Wang Baole menghela napas, tergoda untuk mengubah beberapa prasasti agar tetap mempertahankan kekuatannya sekaligus meningkatkan kecepatan dan ketajamannya. Namun, setelah menghabiskan waktu mencoba memikirkannya, Wang Baole tidak punya pilihan selain menyerah, karena ia tampaknya tidak menemukan petunjuk apa pun tentang cara melakukannya.

Meskipun begitu, tidak semuanya buruk—setidaknya Wang Baole berhasil mencatat urutan prasasti yang bermutasi sehingga jika ia ingin memperkuat Artefak Dharma-nya di masa depan, ia hanya perlu mengukir prasasti yang sama dalam urutan tertentu.

Ia akhirnya membuang Artefak Dharma itu. Setelah merenung sejenak, Wang Baole masih merasa kesal dan terus mencoba melakukan perubahan menggunakan Pasir Persenjataan.

Begitu saja, satu bulan berlalu.

Setelah Wang Baole menghabiskan semua Artefak Dharma-nya yang tidak berguna dan mencoba mengubah lusinan boneka Artefak Dharma, ia menepuk dahinya dengan sedih sambil melihat Artefak Dharma yang berserakan di hadapannya.

Mengapa semuanya menjadi kacau?

Dalam proses penyempurnaannya, ia mengalami cukup banyak kegagalan.
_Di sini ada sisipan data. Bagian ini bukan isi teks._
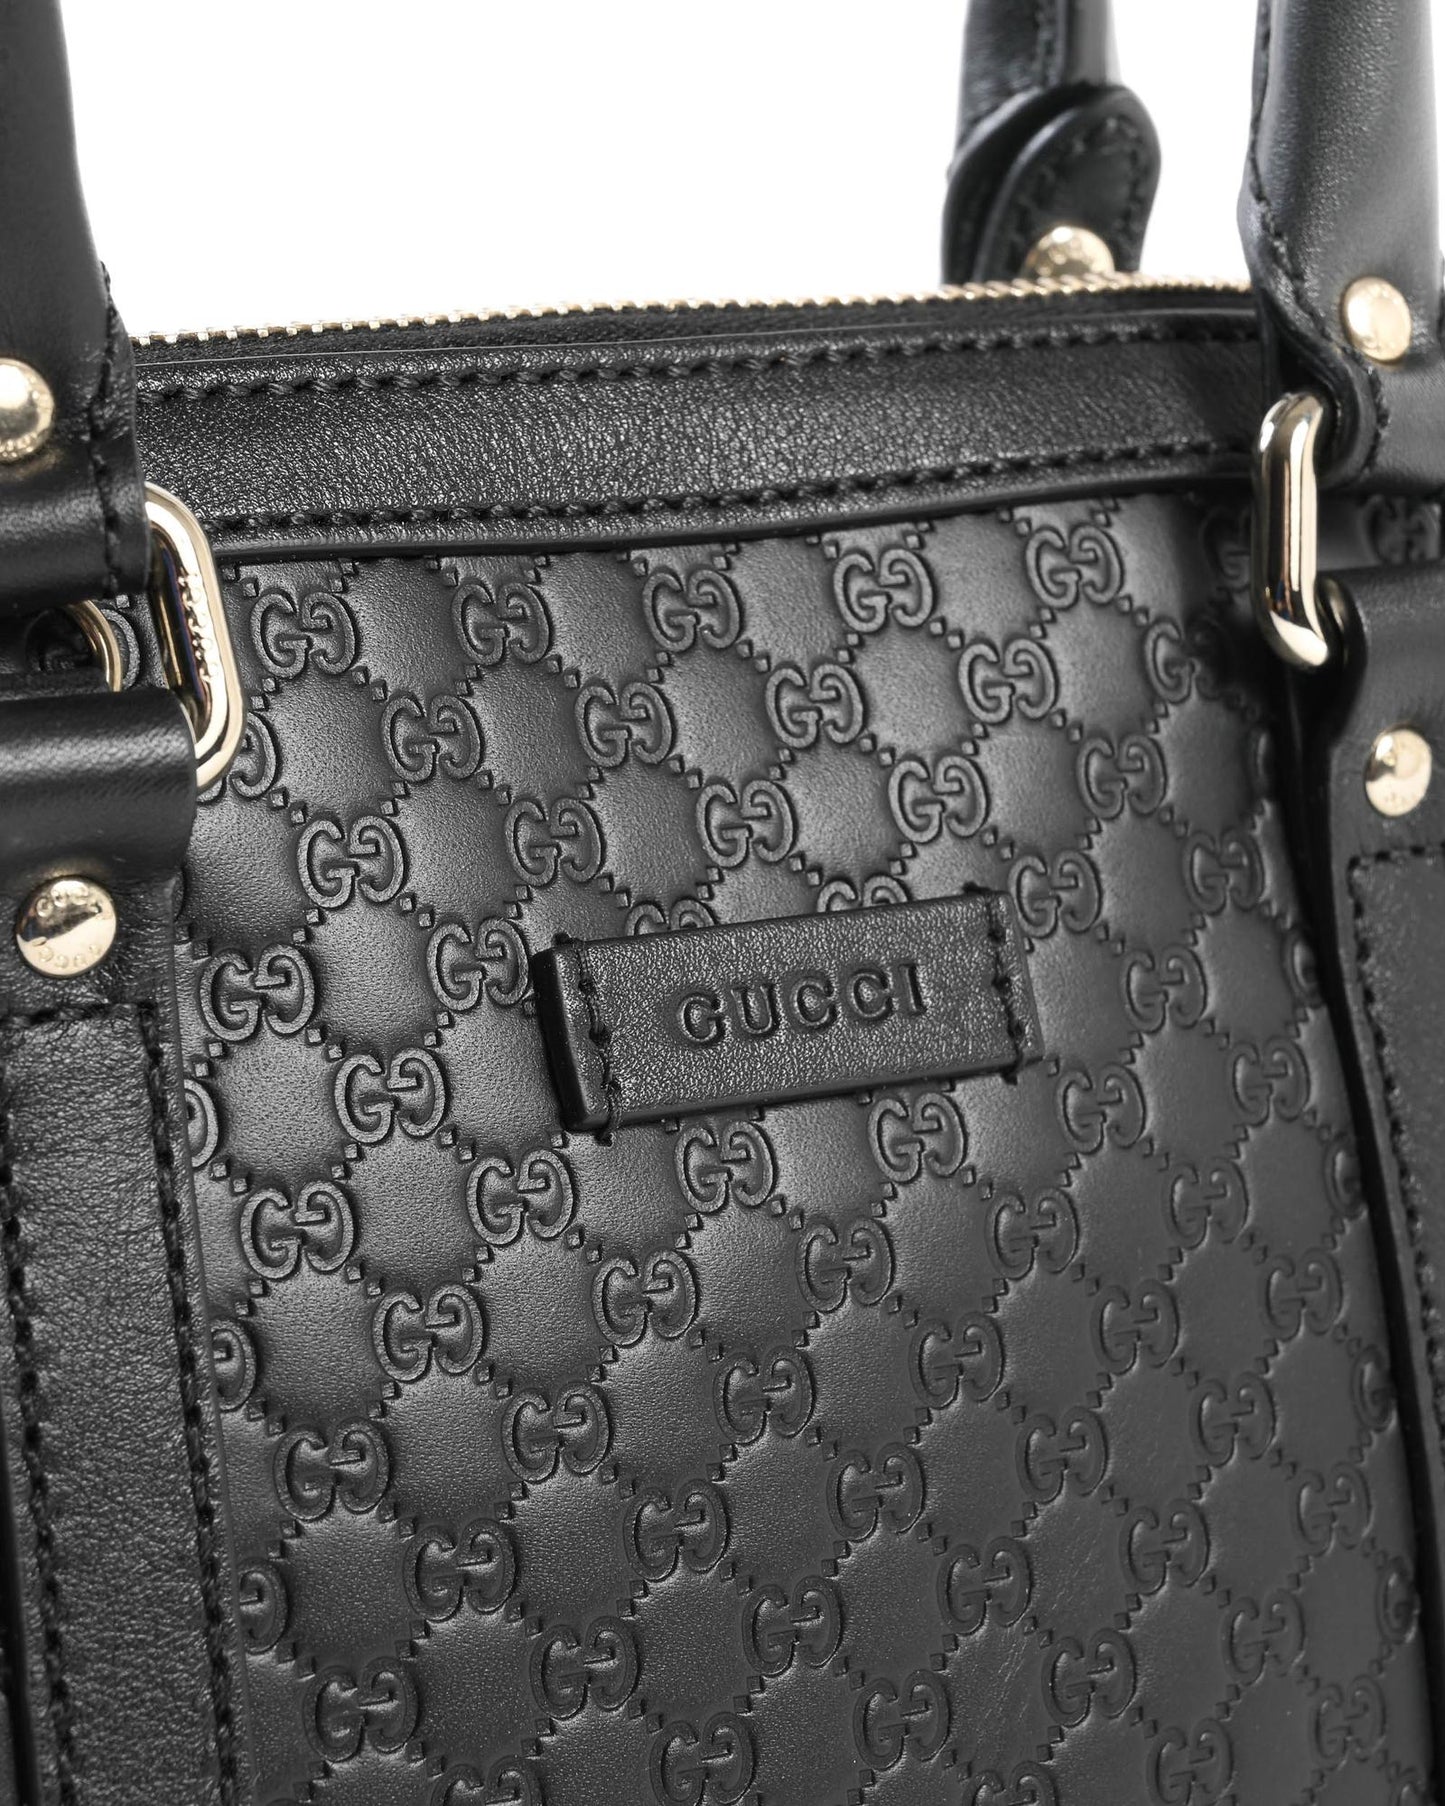 Gucci Women's Leather Mini Dome Bag in Black

Meskipun ia berhasil mengubah lusinan Artefak Dharma, tidak satu pun yang sesuai dengan keinginannya.

Transformasi yang terjadi setelah integrasi Pasir Persenjataan terlalu sulit diprediksi dan dikendalikan. Mustahil untuk mencapai perubahan tertentu di domain spesifik, tampaknya hasil yang murni berdasarkan keberuntungan.
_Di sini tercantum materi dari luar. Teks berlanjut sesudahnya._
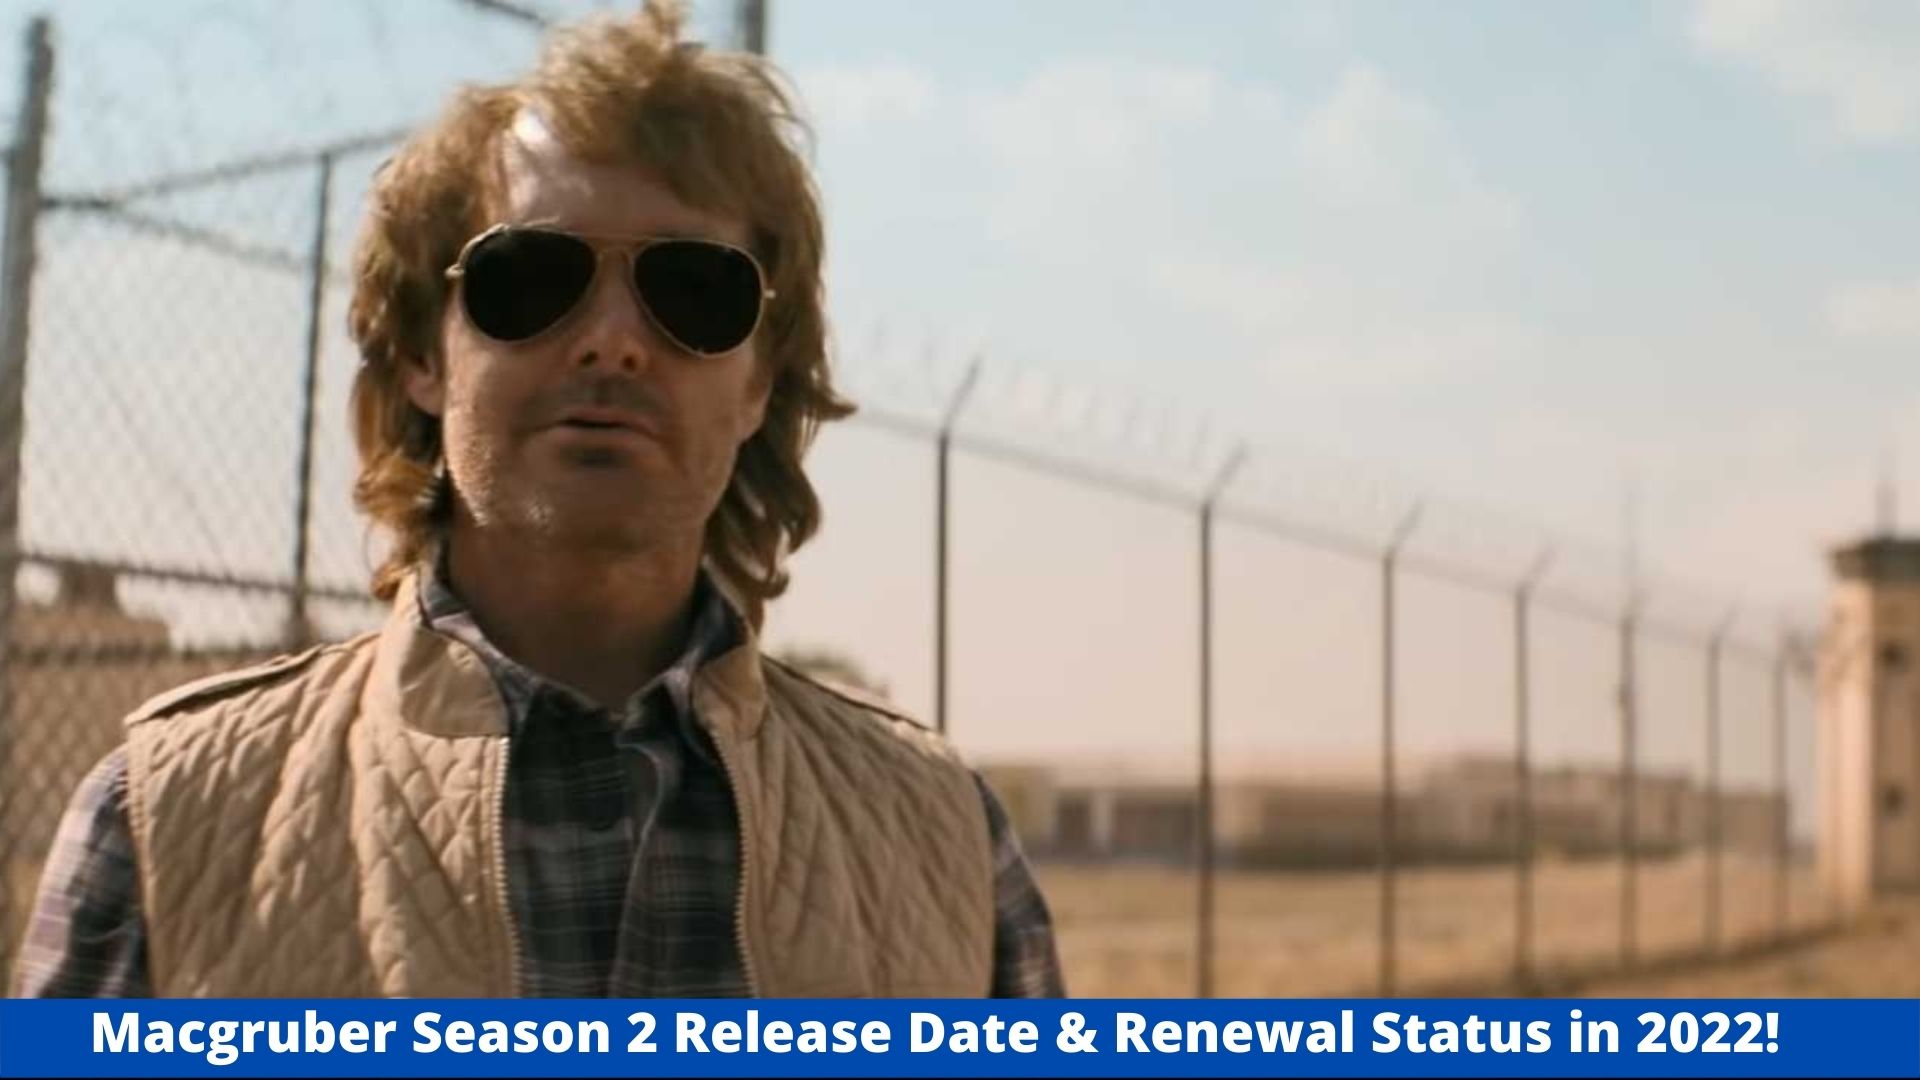 Macgruber Season 2 Release Date & Renewal Status in 2022!

Jika hanya itu, mungkin tidak akan terlalu merepotkan. Namun, yang membuat masalah lebih rumit adalah bahwa dalam Artefak Dharma yang berhasil ia ubah, muncul beberapa fungsi yang tidak masuk akal, yang membuat Wang Baole bingung.

Misalnya, pedang terbang awalnya memiliki keunggulan dalam hal kecepatan, ketajaman, dan ketahanan. Namun, pedang terbang pertama bukan hanya bencana setelah Wang Baole menyempurnakannya lebih lanjut, dari dua pedang terbang berikutnya, salah satunya sangat cepat namun sangat rapuh dan tumpul, dan hampir hancur saat terbang di udara.
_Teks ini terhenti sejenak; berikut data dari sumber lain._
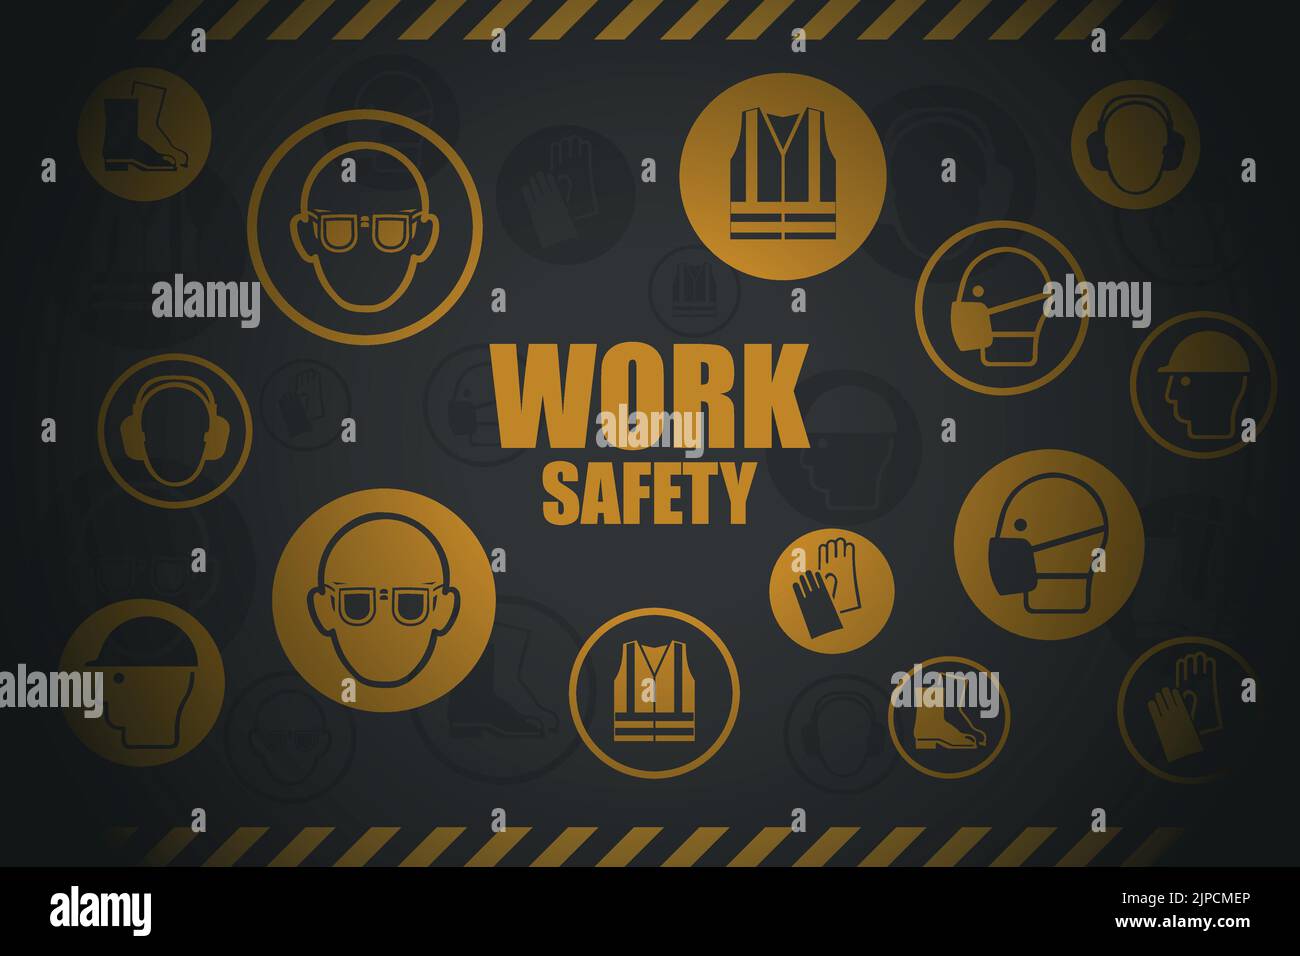 Hintergrund von Symbolen, Piktogrammen zu Arbeitssicherheit und Arbeitsschutz. Persönliche Schutzausrüstung zur Prävention von beruflichen Risiken a Stock Vektor

Pedang terbang lainnya bahkan lebih tidak masuk akal. Benda itu tidak mampu membedakan antara teman dan musuh, menyerang Wang Baole dengan ganas dan gila-gilaan begitu diaktifkan.

Ada juga beberapa Manik Lonceng Emas, yang belum menjadi Artefak Dharma tingkat dua yang sempurna, yang berubah menjadi manik-manik penghancur diri. Manik-manik itu tidak perlu dilempar ke orang lain, karena akan meledak sendiri di bawah tekanan sekecil apa pun. Saat Wang Baole hanya memegang manik-manik itu setelah memurnikannya, manik-manik itu langsung meledak.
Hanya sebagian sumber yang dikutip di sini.